◎タスカルカードを導入し、職場の雰囲気が一変
ユーアイキッチンという施設では、独自に開発したシステム「タスカルカード」を導入し、利用者支援に劇的な変化をもたらしている。毎日、朝早くから大量の弁当を製造し、目が回るような忙しさなのに、「いつも笑顔があふれる楽しい職場」に変わったというのだ。私が取材でお邪魔したときにも、障害のある人たちが活き活きと働いている姿がとても印象的だった。
タスカルカードの特色は、作業工程を細分化してイラスト付きのカードにし、当日の予定を利用者自らが設定する(カードをタテ列に並べていく)ところにある。作業内容や順番はその日によってまったく異なるため、以前は1つの仕事を終えるたびに「次は、何をすればいいですか?」と何度も尋ねてくる人が多かった。余裕がある時ならともかく、バタバタしていると職員もついイライラし、「さっき、説明しましたよね?」と反応してしまう。すると利用者は気落ちして、仕事への意欲も落ちてしまう……そんな悪循環だったのだ。
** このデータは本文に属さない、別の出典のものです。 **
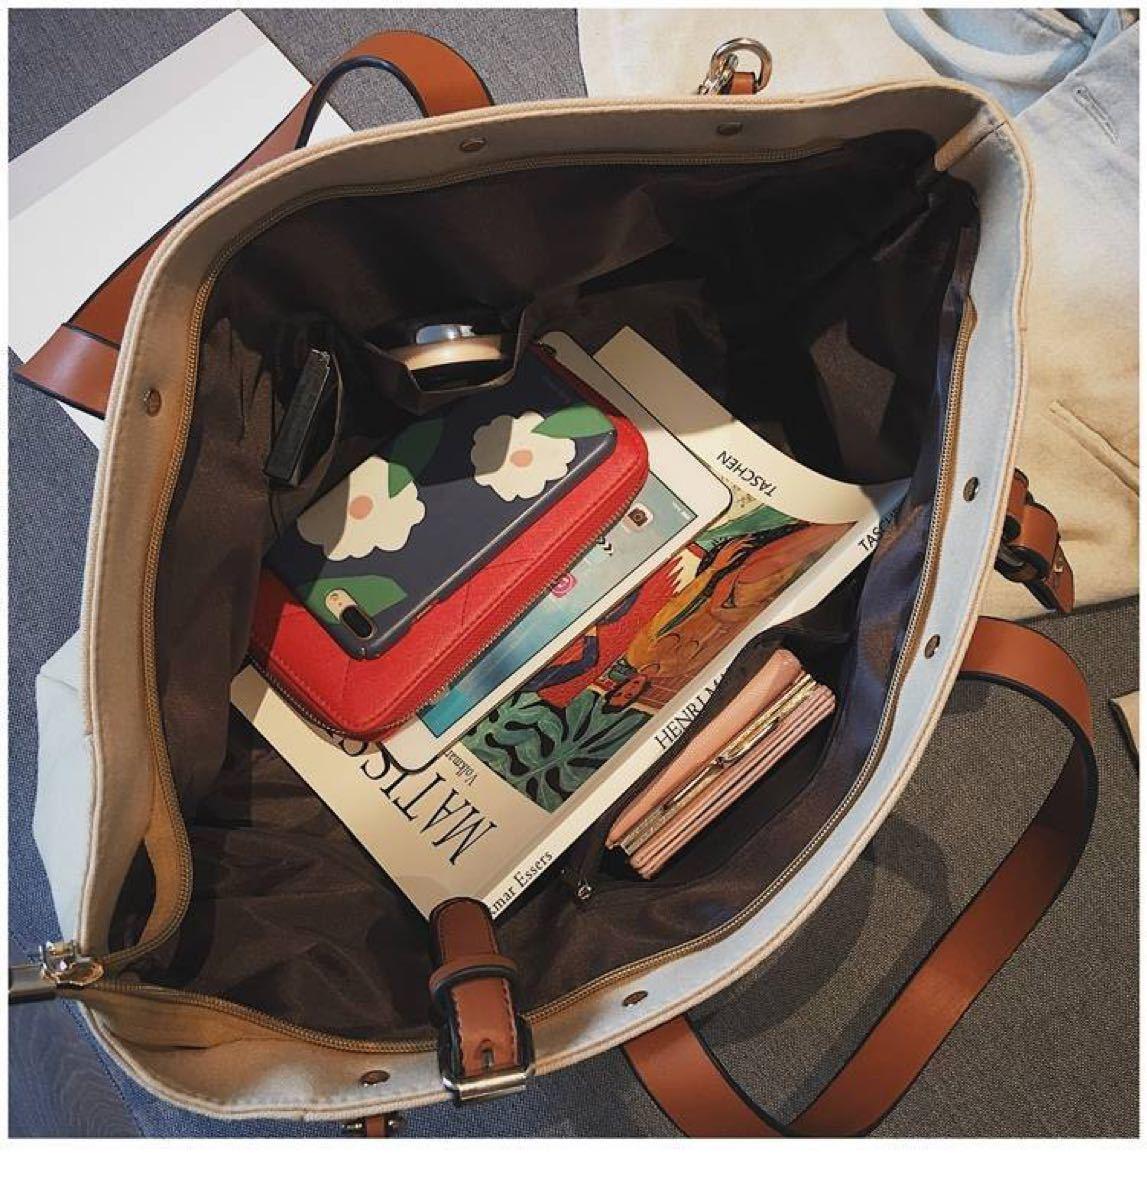 バッグ トートバッグ 2way ハンドバッグ 帆布 横長 ショルダーバッグ 人気 おしゃれ かわいい トート バッグ   ホワイト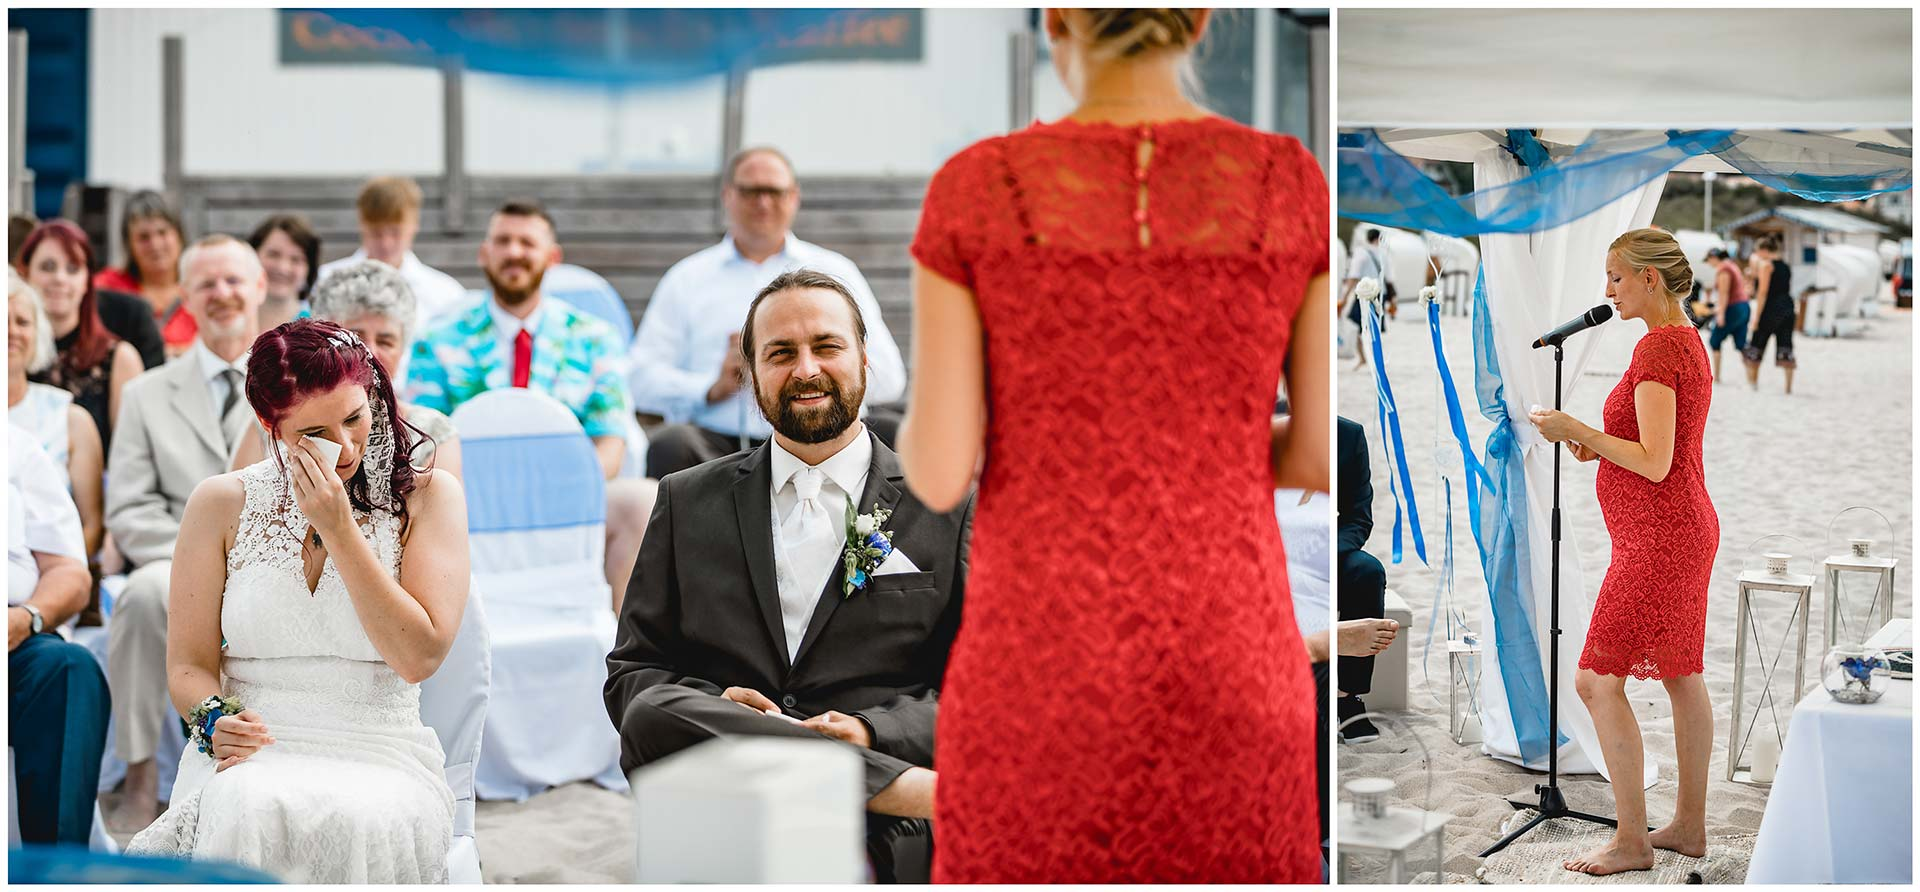 Trauzeugin-haelt-eine-Rede-bei-der-Freien-Trauung-am-Strand-Hochzeit-am-Strand-Hochzeitsfotograf-Warnemuende-Hochzeitsfotograf-Rostock-Hochzeitsfotograf-Ostseebad-Warnemuende

タスカルカードの導入後、職場の雰囲気は明らかに改善したという。カードに従って自ら次の仕事に向かっていく彼らの姿は、自信に満ちている。職員も細かい指示をする必要がなくなったので余裕が生まれ、対応が優しくなった。「できないことを叱る」のではなく、「できたことを褒める」支援に特化するため、雰囲気が明るくなり、生産効率も大幅に向上したのである。
◎モチベーションを引き出すさまざまな工夫
このような職場改善を、積極的に導入する施設も全国には数多い。ダイレクトメールの発送代行を行うワークセンターフレンズ星崎では、「封入→封緘→宛名貼り」といった工程を分解し、複数の利用者が関われるように工夫している。これは、重度障害のある人にも作業参加を促す配慮でもある。しかしそれ以上に重要なのが、分担すると作業スピードが格段に上がることだ。下手すると1人で全工程を行う職員よりも早いこともある。利用者の特性を見極め、もっとも得意な工程に専念してもらうと、まるで職人のような能力が発揮されていく。
ビーアンビシャスという施設で取り入れているアンバサダー制度も、非常にユニークである。毎年利用者の中から立候補者を募り、当選した人が施設見学に訪れるお客さんの先導役に選ばれるのだ。ステキなグリーンジャケットを着て颯爽と施設内を案内していく利用者の顔は、きりっと引き締まっている。「あんな仕事を自分もしてみたい」──みんながそう憧れるから、毎年のアンバサダー選挙は大いに盛り上がる。激戦を勝ち抜いて当選した人は、アンバサダーとしての責任から普段の仕事においても格段の成長を遂げるそうだ。
◎自主性を育てると、作業効率が向上する
今回紹介した3つの事例は、働く人の自主性を育てることの大切さを教えてくれる。仕事の醍醐味というのは、そもそもやるべきことを自ら考える中にある。指示を待つだけでは、いつまでたってもやり甲斐など感じられるわけがない。利用者たちが活き活きと動き出せば、職場の雰囲気が明るくなり、仕事も出来るようになる──こんな正のスパイラルが生まれていくはずなのだ。もちろんこれは、障害者就労の現場に限った話ではないのだけれども……。